The ngbem boundary element addon project initiated by Lucy Weggeler (see https://weggler.github.io/docu-ngsbem/intro.html) is now partly integrated into core NGSolve. Find a short and sweet introduction to the boundary element method there.

In this demo we simulate a plate capacitor on an unbounded domain.

[1]:

from ngsolve import *
from netgen.occ import *
from ngsolve.solvers import GMRes
from ngsolve.webgui import Draw
from ngsolve.bem import *

[2]:

largebox = Box ((-2,-2,-2), (2,2,2) )
eltop = Box ( (-1,-1,0.5), (1,1,1) )
elbot = Box ( (-1,-1,-1), (1,1,-0.5))

largebox.faces.name = "outer" # coupling boundary
eltop.faces.name = "topface" # Dirichlet boundary
elbot.faces.name = "botface" # Dirichlet boundary
eltop.edges.hpref = 1
elbot.edges.hpref = 1

shell = largebox-eltop-elbot # FEM domain
shell.solids.name = "air"

mesh = shell.GenerateMesh(maxh=0.8)
mesh.RefineHP(2)
ea = { "euler_angles" : (-67, 0, 110) }
Draw (mesh, clipping={"x":1, "y":0, "z":0, "dist" : 1.1}, **ea);

On the exterior domain \(\Omega^c\), the solution can be expressed by the representation formula:

\[x \in \Omega^c: \quad u(x) = - \int\limits_\Gamma \displaystyle{\frac{1}{4\,\pi}\, \frac{1}{\| x-y\|} } \, \gamma_1 u (y)\, \mathrm{d}\sigma_y + \int\limits_\Gamma \displaystyle{\frac{1}{4\,\pi}\, \frac{\langle n(y) , x-y\rangle }{\| x-y\|^3} } \, \gamma_0 u (y)\, \mathrm{d}\sigma_y\,,\]

where \(\gamma_0 u = u\) and \(\gamma_1 u = \frac{\partial u}{\partial n}\) are Dirichlet and Neumann traces.
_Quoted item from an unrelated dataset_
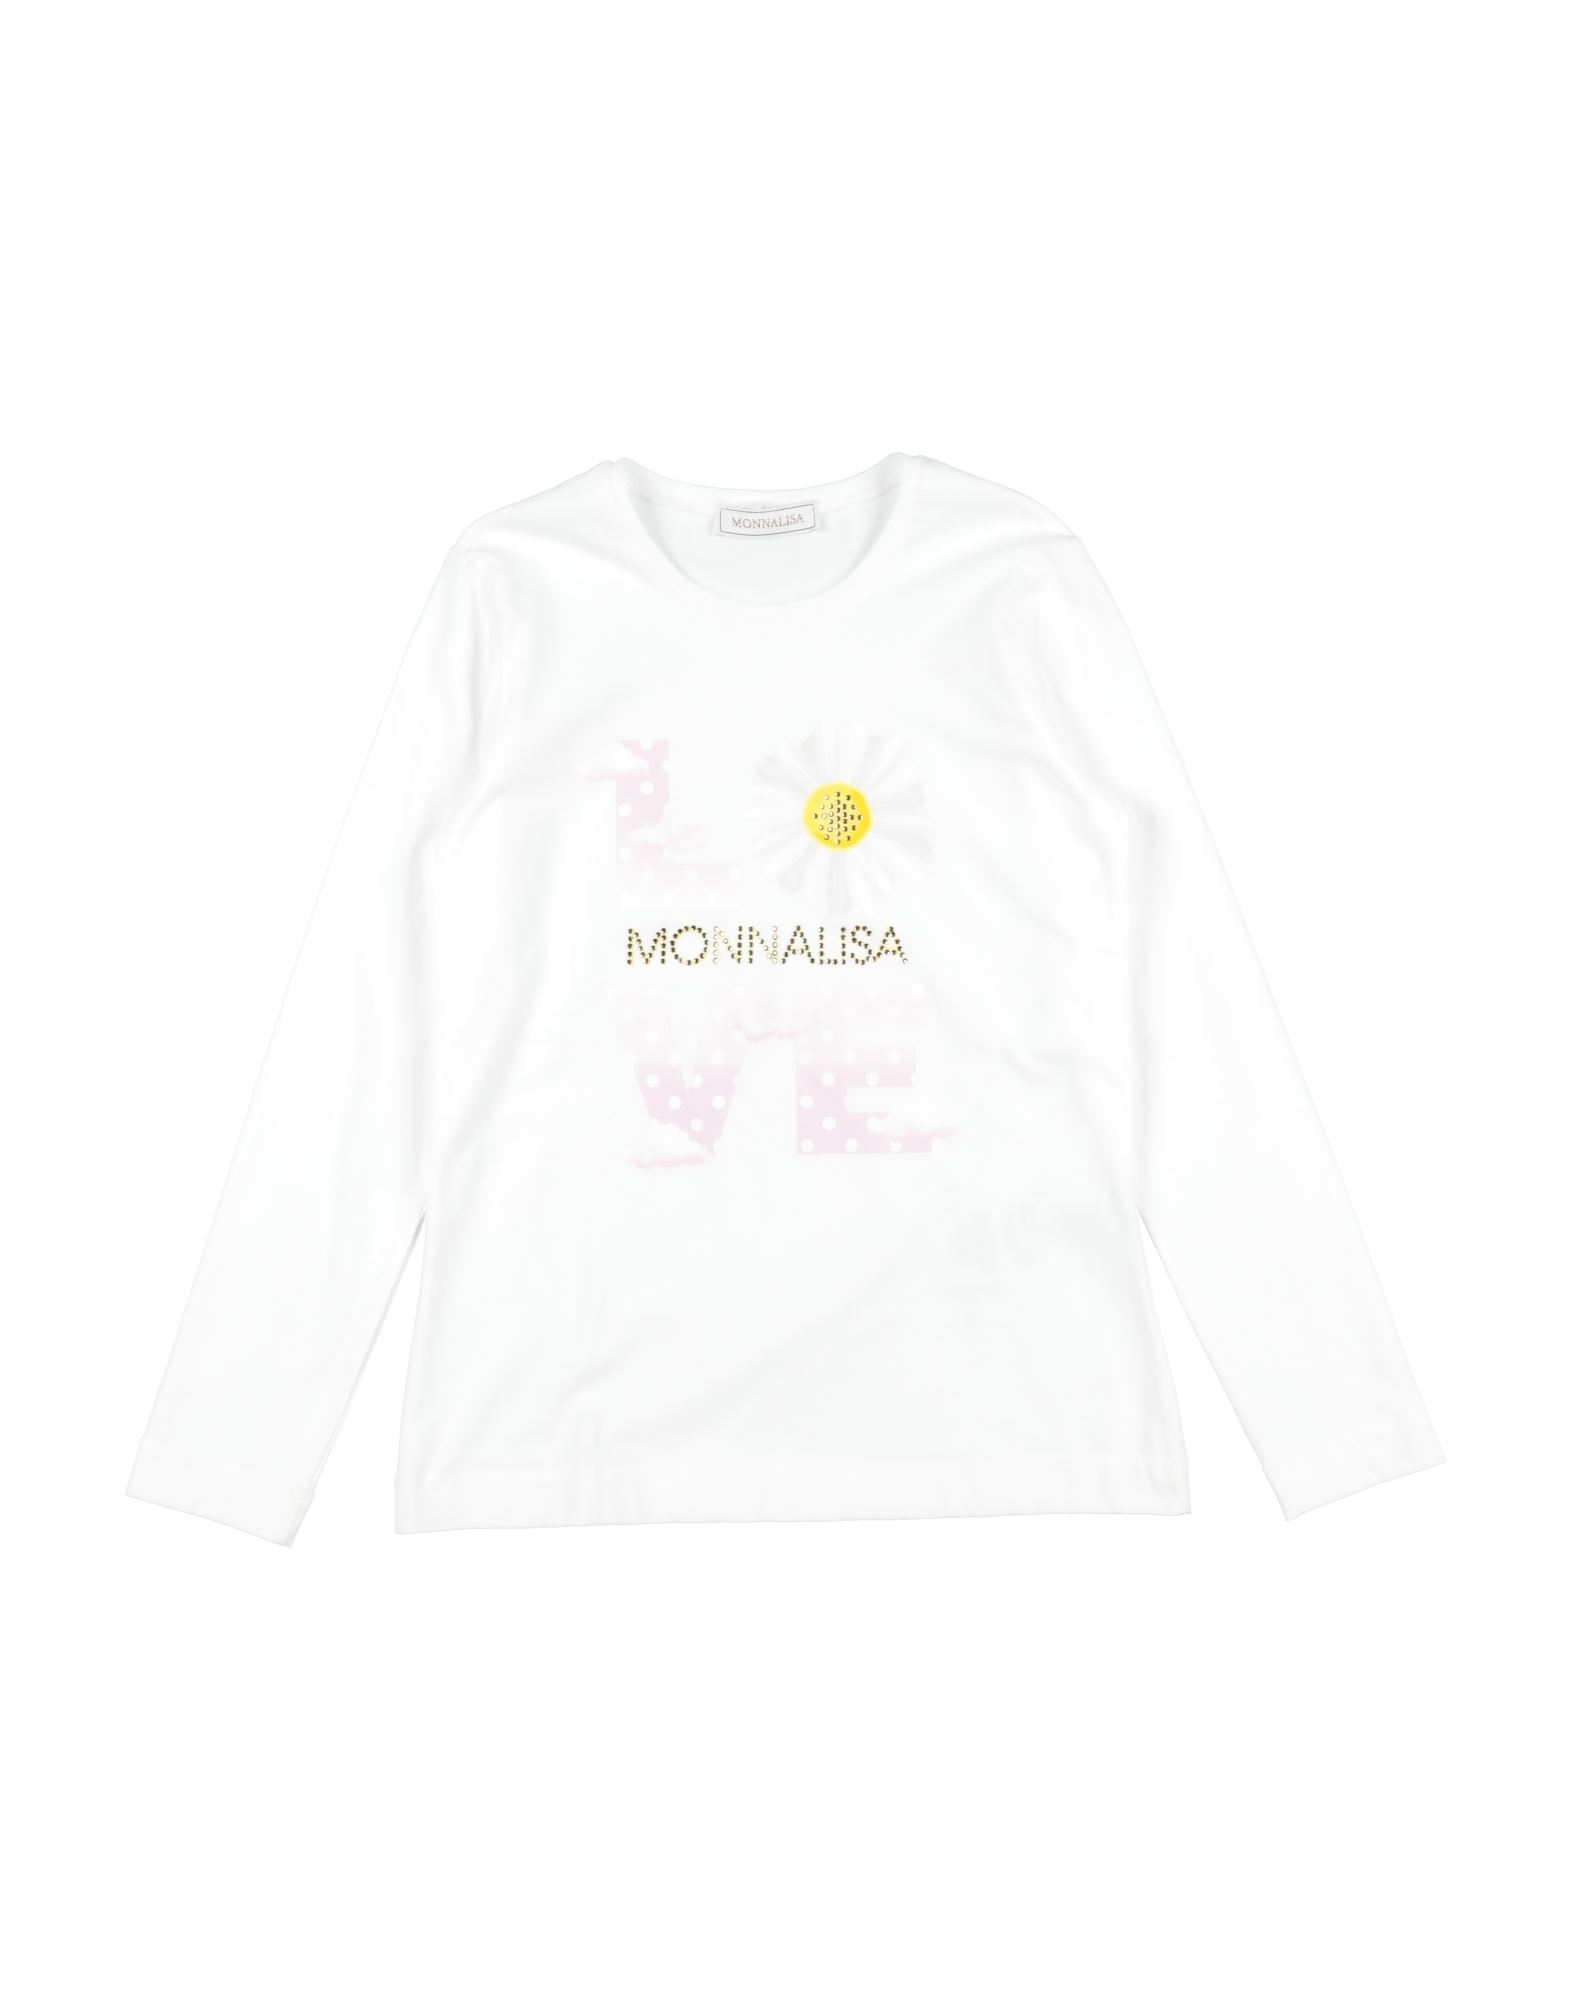 Monnalisa Kids'  T-shirts In White

These traces are related by the Calderon projector

\[\begin{split}\left( \begin{array}{c} \gamma_0 u \\ \gamma_1 u \end{array}\right) = \left( \begin{array}{cc} -V & \frac12 + K \\ \frac12 - K^\intercal & -D \end{array} \right) \left( \begin{array}{c} \gamma_1 u \\ \gamma_0 u \end{array}\right)\end{split}\]

.

The \(V\), \(K\) are the single layer and double layer potential operators, and \(D\) is the hypersingular operator.

On the FEM domain we have the variational formulation

\[\int_{\Omega_\text{FEM}} \nabla u \nabla v \, dx - \int_\Gamma \gamma_1 u v \, ds = 0 \qquad \forall \, v \in H^1(\Omega_\text{FEM})\]

We use Calderon’s represenataion formula for the Neumann trace:

\[\int_{\Omega_\text{FEM}} \nabla u \nabla v \, dx - \int_\Gamma \left( \left( \tfrac{1}{2} - K^\intercal\right) \,\gamma_1 u - D \, \gamma_0 u\right) v = 0 \qquad \forall \, v \in H^1(\Omega_\text{FEM})\]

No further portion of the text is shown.